The crate emits both stable and versioned bundle filenames:

  • stable: /sf/sf.css, /sf/sf.js
  • versioned: /sf/sf.<crate-version>.css, /sf/sf.<crate-version>.js

src/lib.rs serves them with different cache policies:

  • stable bundles use Cache-Control: public, max-age=3600
  • versioned bundles use Cache-Control: public, max-age=31536000, immutable
  • fonts/, vendor/, and img/ assets are also served as immutable

A practical strategy is to use stable URLs during development and versioned bundles in production or CDN environments.

Optional Modules

When the optional map module is shipped in static/sf/modules/, include it alongside Leaflet:

<link rel="stylesheet" href="/sf/vendor/leaflet/leaflet.css" />
<script src="/sf/vendor/leaflet/leaflet.js"></script>
<link rel="stylesheet" href="/sf/modules/sf-map.css" />
<script src="/sf/modules/sf-map.js"></script>

For route geometry, travel-time, and map-data pipeline details, see the existing solverforge-maps docs.

Map Helper Surface

The optional map module exposes SF.map after Leaflet and sf-map.js are loaded:

var map = SF.map.create({
  container: "map",
  center: [45.07, 7.69],
  zoom: 13,
});

map.addVehicleMarker({ lat: 45.07, lng: 7.69, color: "#10b981" });
map.addVisitMarker({
  lat: 45.08,
  lng: 7.7,
  color: "#3b82f6",
  icon: "fa-utensils",
});
map.addStopNumber({ lat: 45.08, lng: 7.7, number: 1, color: "#3b82f6" });
map.drawRoute({
  points: [
    [45.07, 7.69],
    [45.08, 7.7],
  ],
  color: "#10b981",
});
map.drawEncodedRoute({ encoded: "encodedPolylineString", color: "#3b82f6" });
map.fitBounds();
map.highlight("#10b981");
map.clearHighlight();
map.clearRoutes();
map.clearStops();
map.clearMarkers();
map.clearAll();

fitBounds() fits vehicle and visit markers.
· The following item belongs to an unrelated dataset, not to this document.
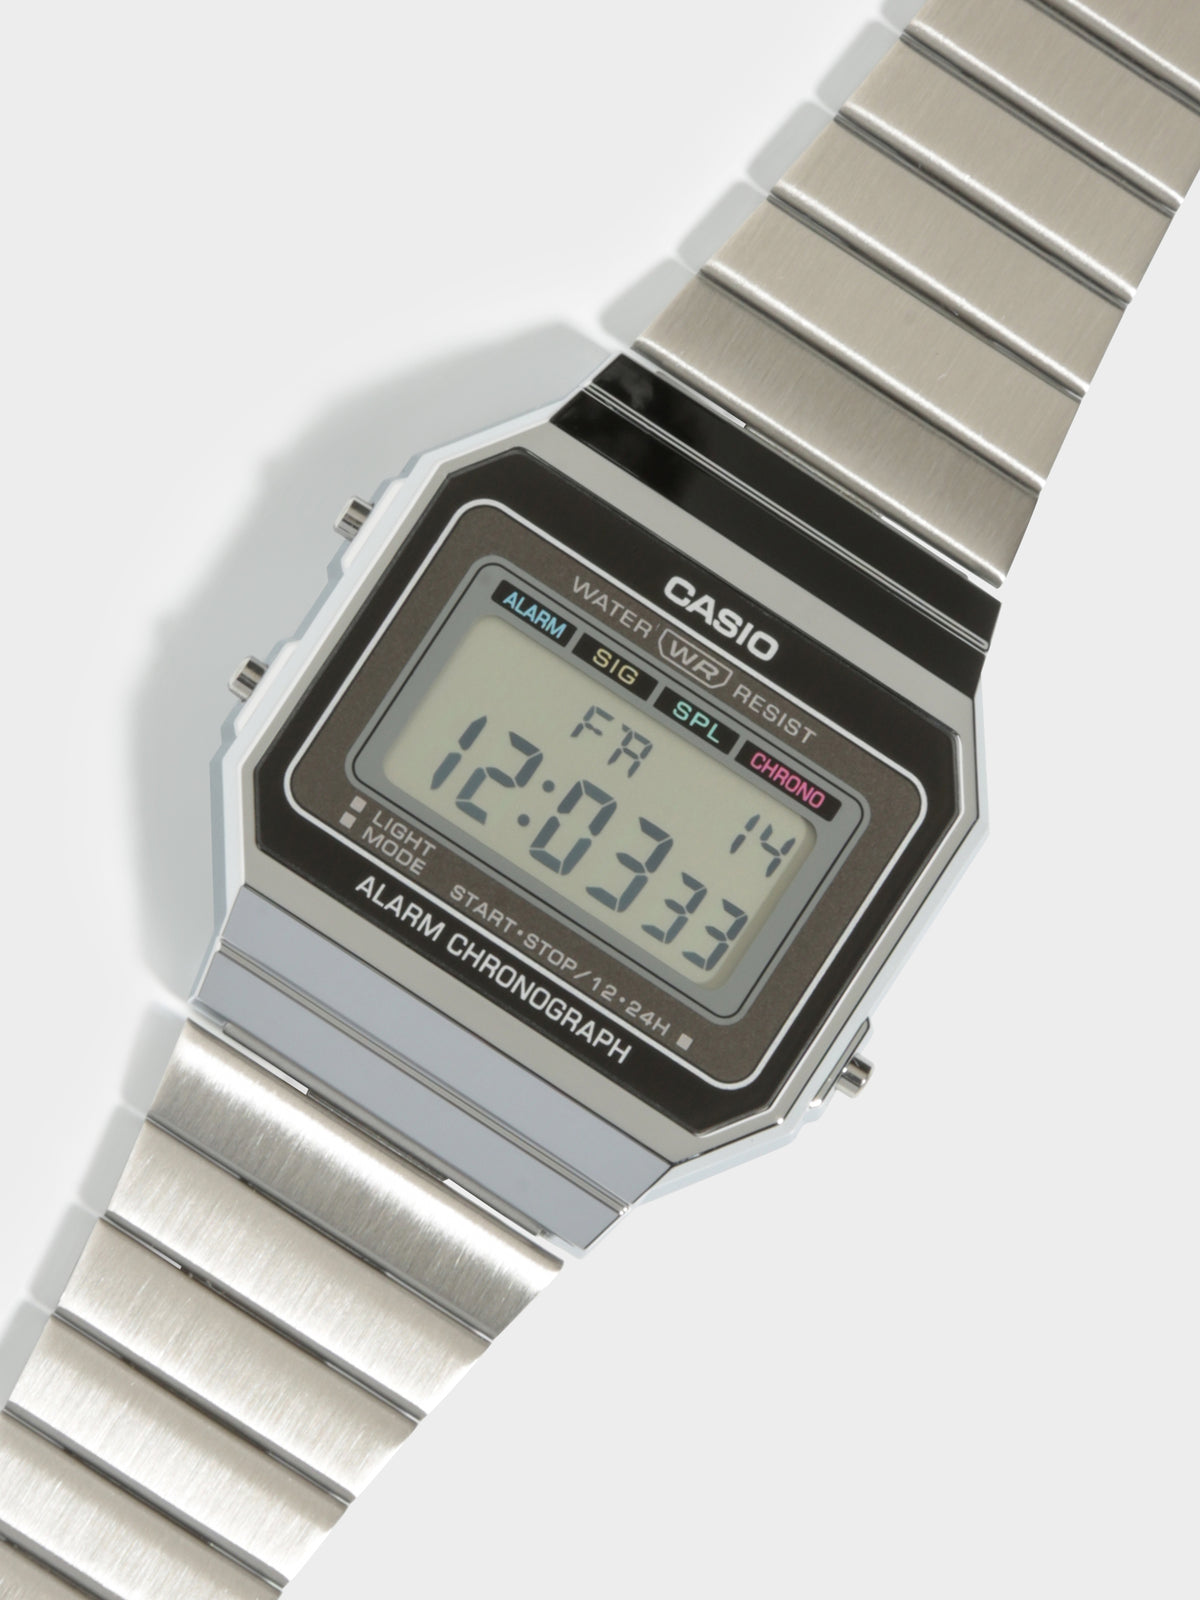 Super Slim A700 Digital Watch in Sliver

Since 0.6.2, marker bounds are backed by a Leaflet feature group, so marker-only maps can call fitBounds() without needing route polylines first.

Non-Rust Integration Path

static/sf/ is self-contained. If you are not serving assets from Rust, copy, submodule, or symlink it into your static-files directory so /sf/* resolves the same way in production.